The new study, a collaborative effort between Apple’s band of AI researchers and folks at the University of Wisconsin-Madison, was recently detailed in a paper entitled RubiCap: Rubric-Guided Reinforcement Learning for Dense Image Captioning.

“Dense image captioning is critical for cross-modal alignment in vision-language pretraining and text-to-image generation, but scaling expert-quality annotations is prohibitively expensive,” Apple’s researchers wrote in prefacing its findings on the company’s Machine Learning Research blog. “While synthetic captioning via strong vision-language models (VLMs) is a practical alternative, supervised distillation often yields limited output diversity and weak generalization.”

As Mendes explains in his story, the concept of dense image captioning refers to “generating detailed, region-level descriptions of everything happening within an image, rather than a single overall summary.”

He continues: “In other words, it identifies multiple elements and regions in an image, and describes them with fine-grain detail, resulting in a much richer understanding of the scene than an overall description.”

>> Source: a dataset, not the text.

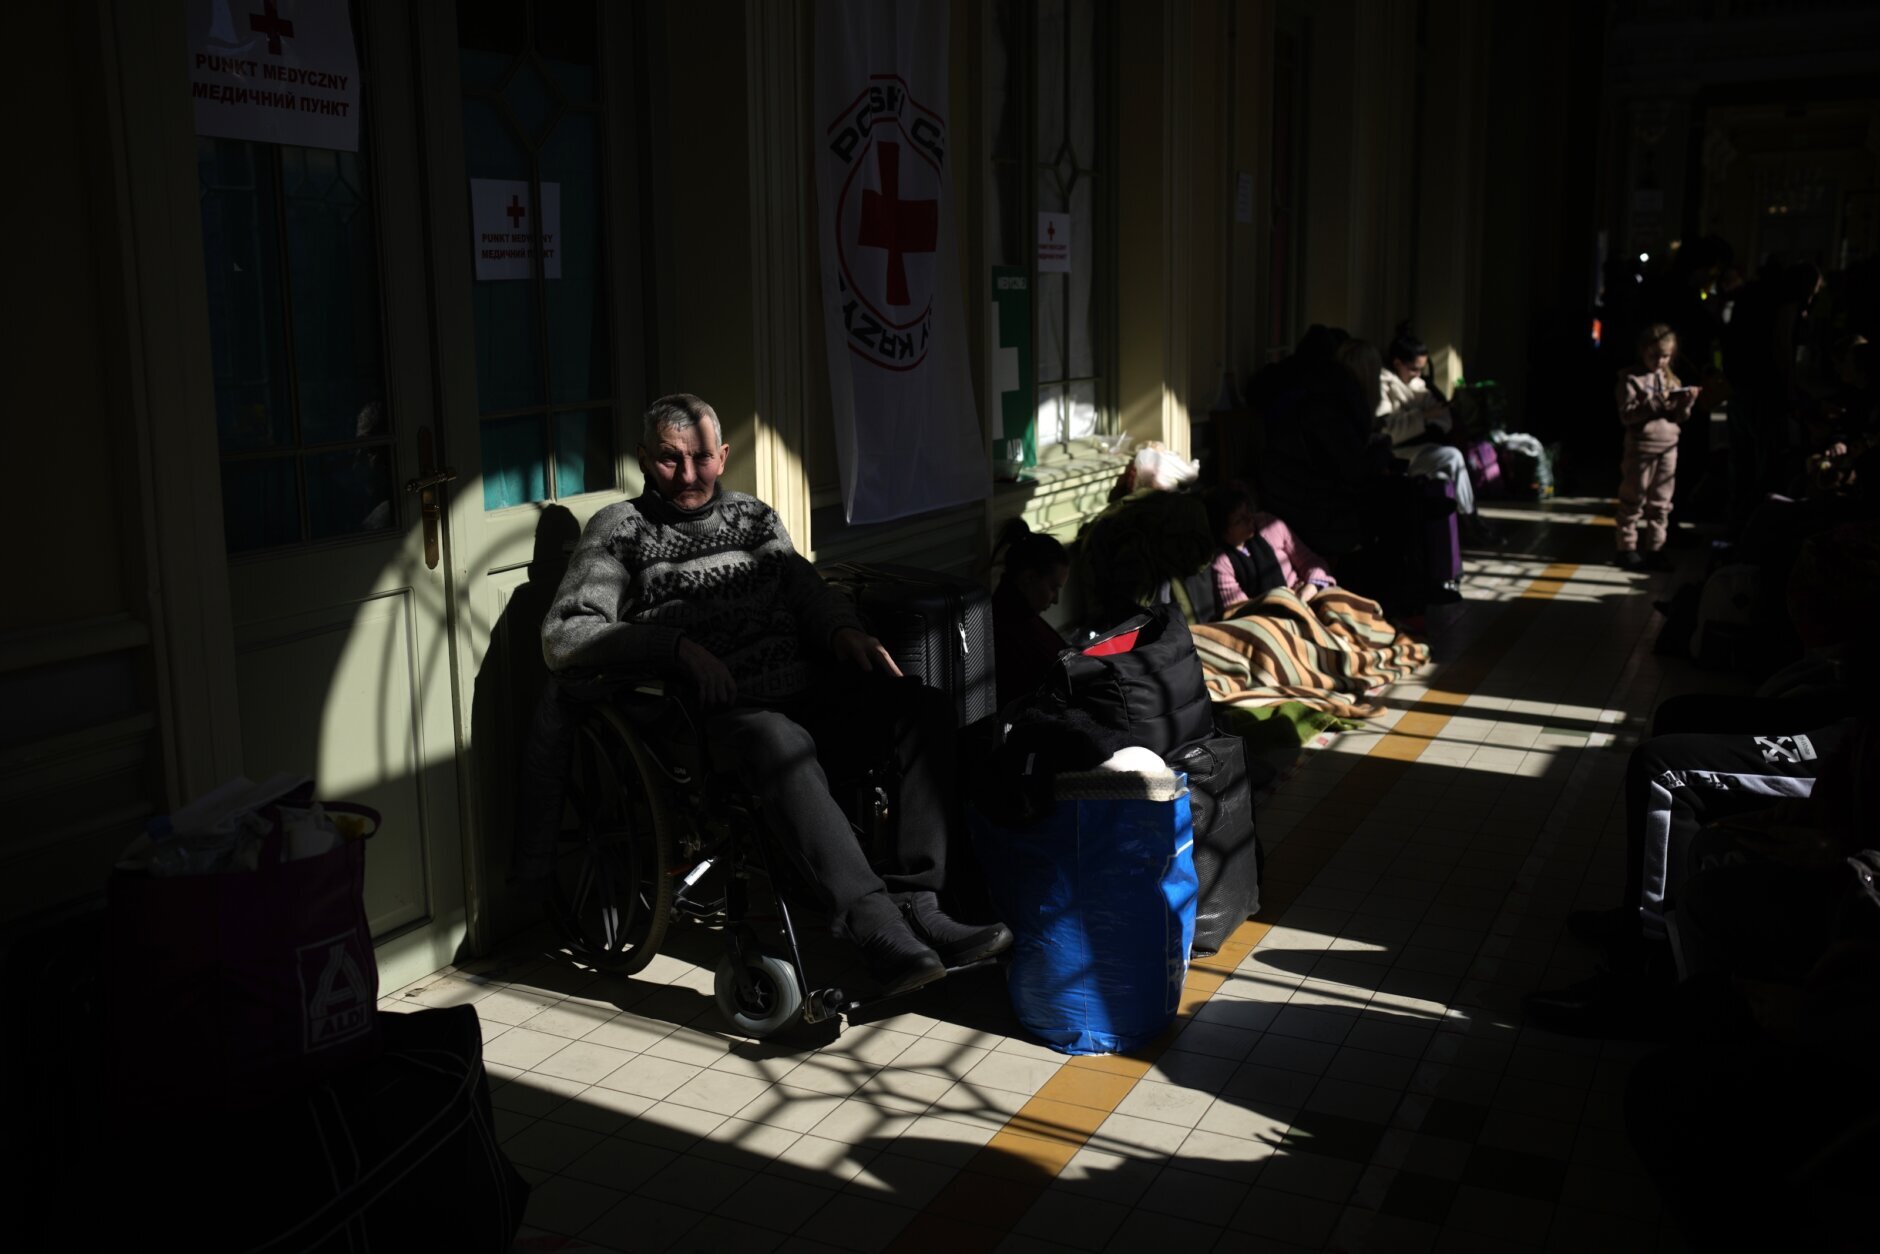 A Ukrainian sitting man in a wheel chair, waits with other refugees at Przemysl train station, southeastern Poland, on Friday, March 11, 2022. Thousands of people have been killed and more than 2.3 million have fled the country since Russian troops crossed into Ukraine on Feb. 24. (AP Photo/Daniel Cole)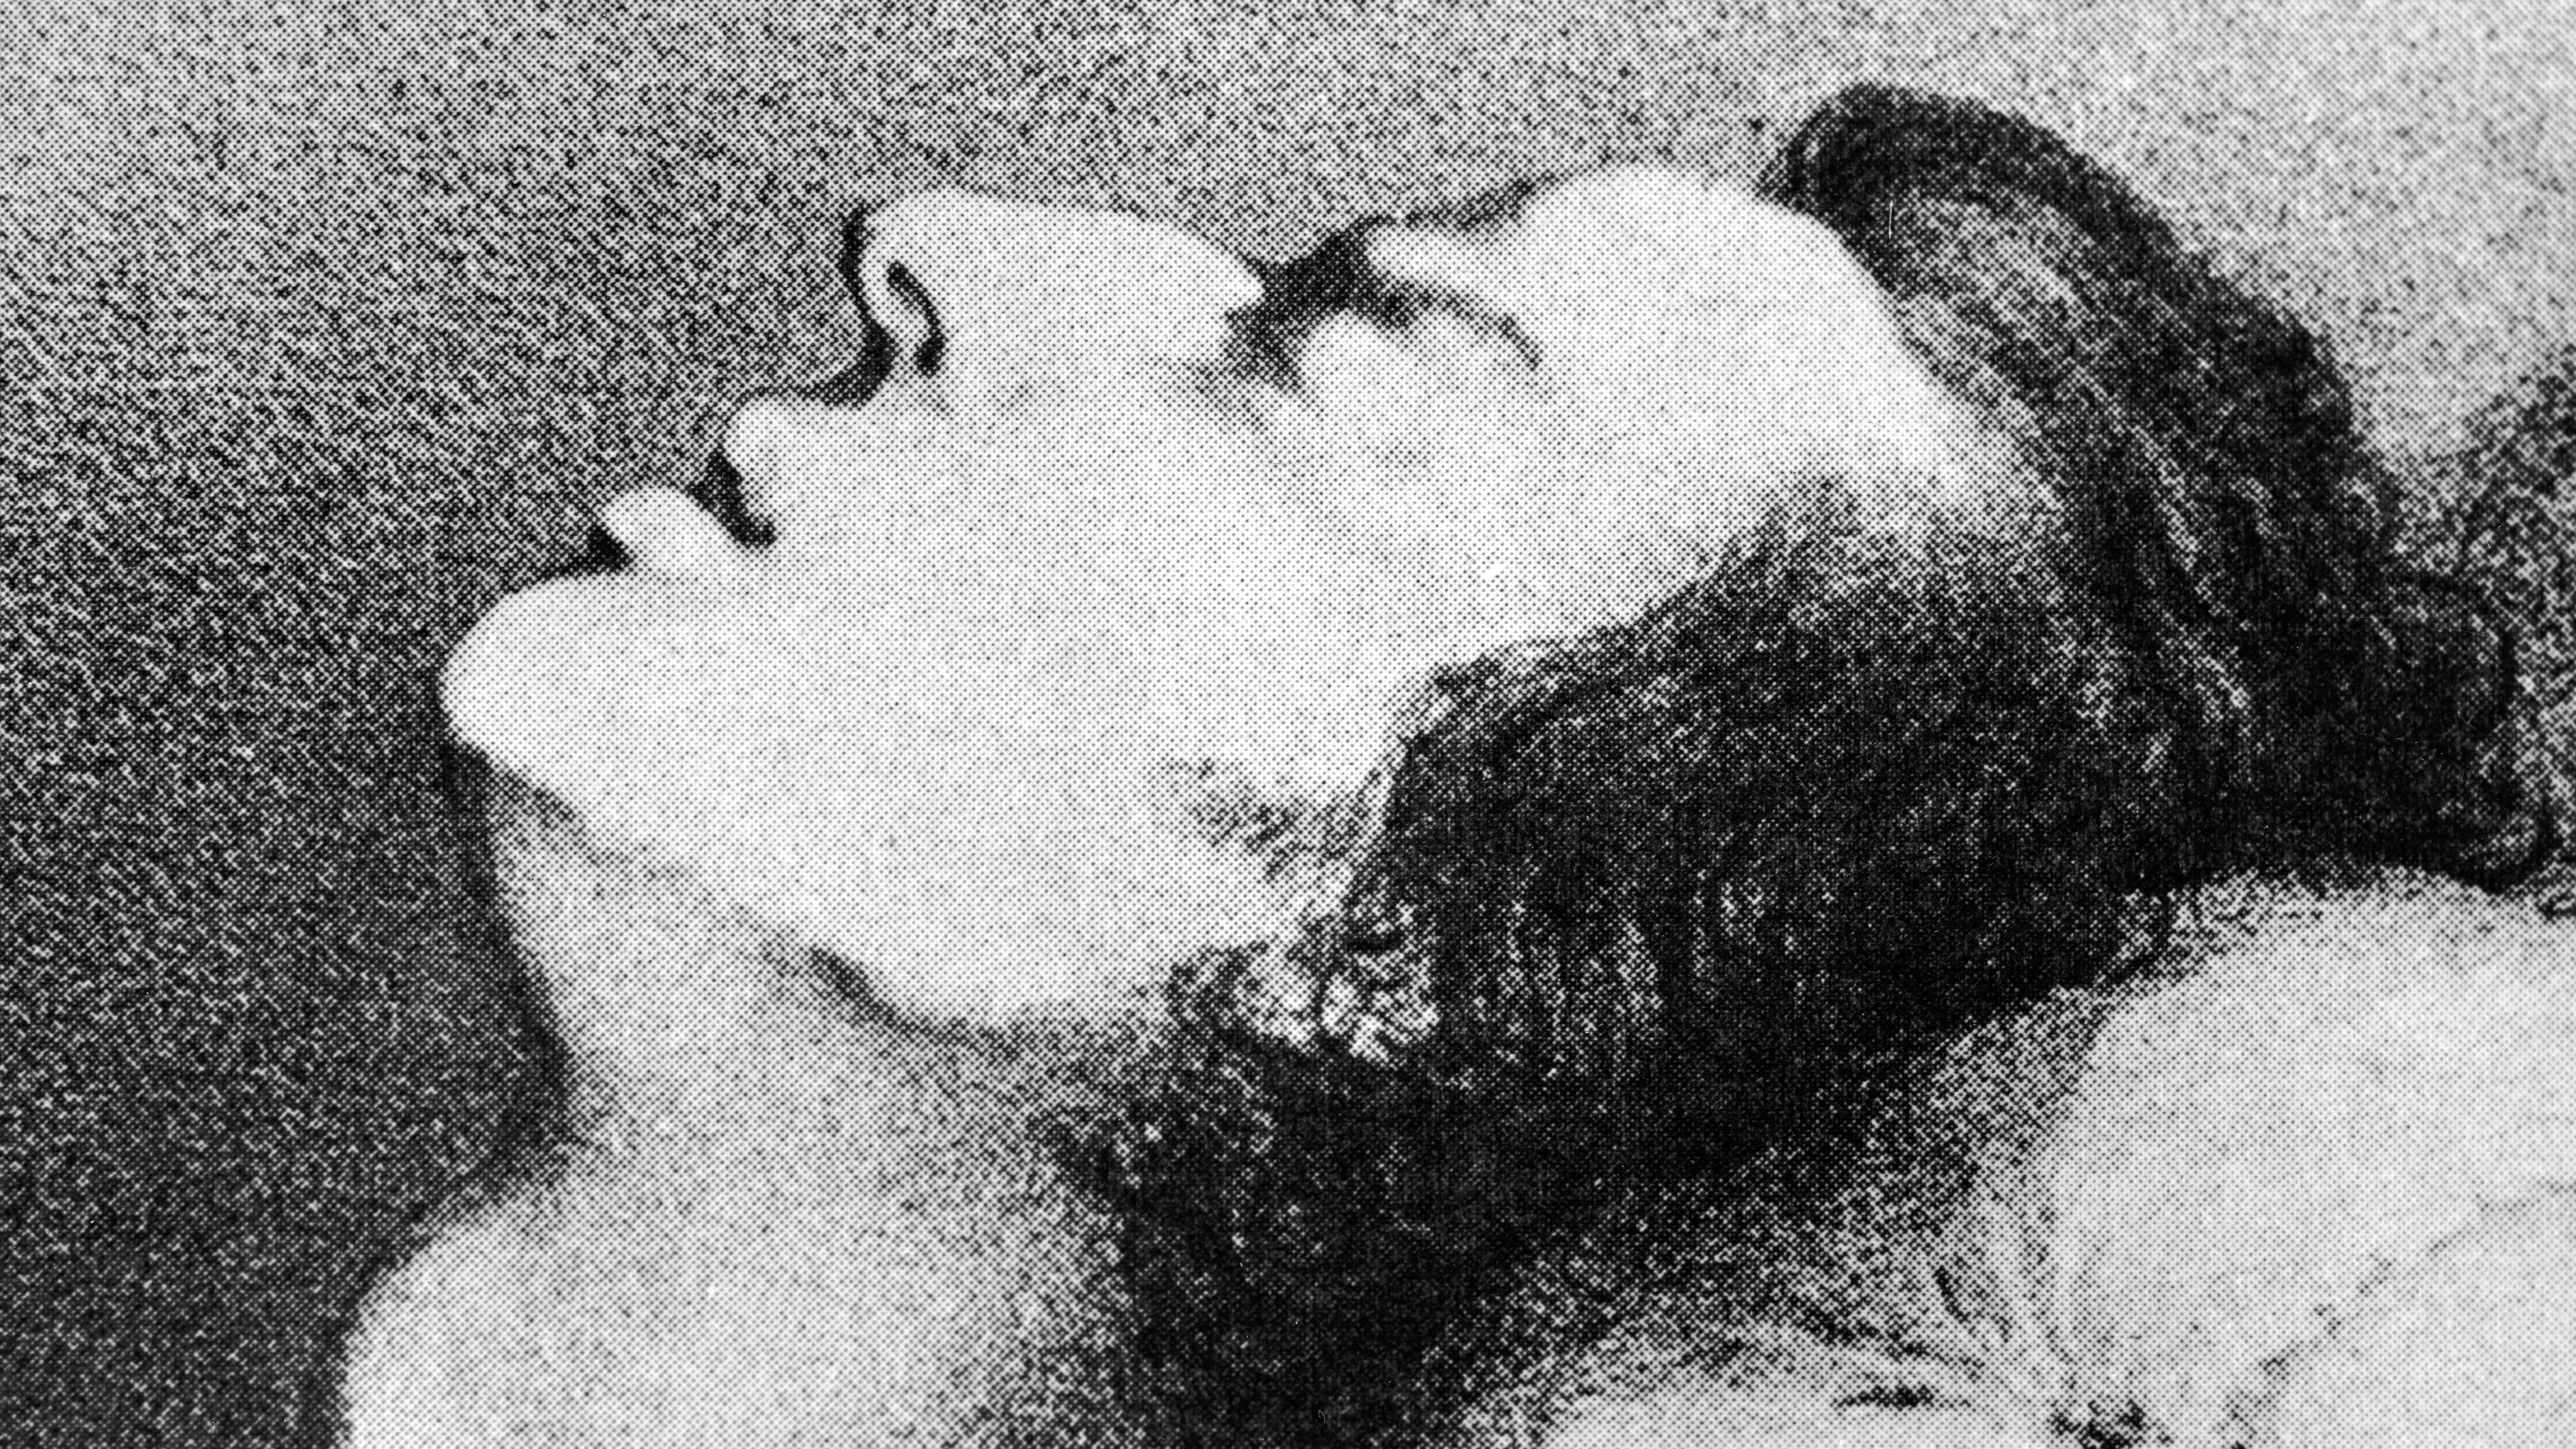 A drawing of Polish-born composer and pianist Frederic Chopin on his deathbed in 1849.

Without getting into the veracity of Apple’s claims here, the pertinence to accessibility is obvious. Like with language translation, providing image descriptions, or alt-text, is one task where leaning on artificial intelligence is savvy; it’s the kind of thing which plays to a computer’s core competency: automation. Indeed, from a human point of view, the ability to append good image descriptions is most definitely a skill to be learned and honed. There are tips and tricks on doing it well, but the tension lies in wanting to walk the tightrope of brevity and baseline; that is, wanting to be succinct in length whilst still offering a baseline of good information. Most alt-text I encounter particularly on social media, falls off and descends into the abyss—not because people are lazy or unfeeling, but because, as I said, it’s a skill one must learn and practice. On the other side, I absolutely loathe the penchant of people (and brands) using the alt-text box as though it were a secret treasure chest, adding cutesy, pithy messages. In my opinion, doing so is not merely offensive—using a bonafide accessibility tool for one’s own vanity—it also underscores an utterly, and tellingly, fundamental lack of understanding on disability and showing empathy for the people who need accessibility. I get it—this practice may not be malicious in intent, but it is absolutely malicious in action because it reduces an assistive technology to a mere novelty.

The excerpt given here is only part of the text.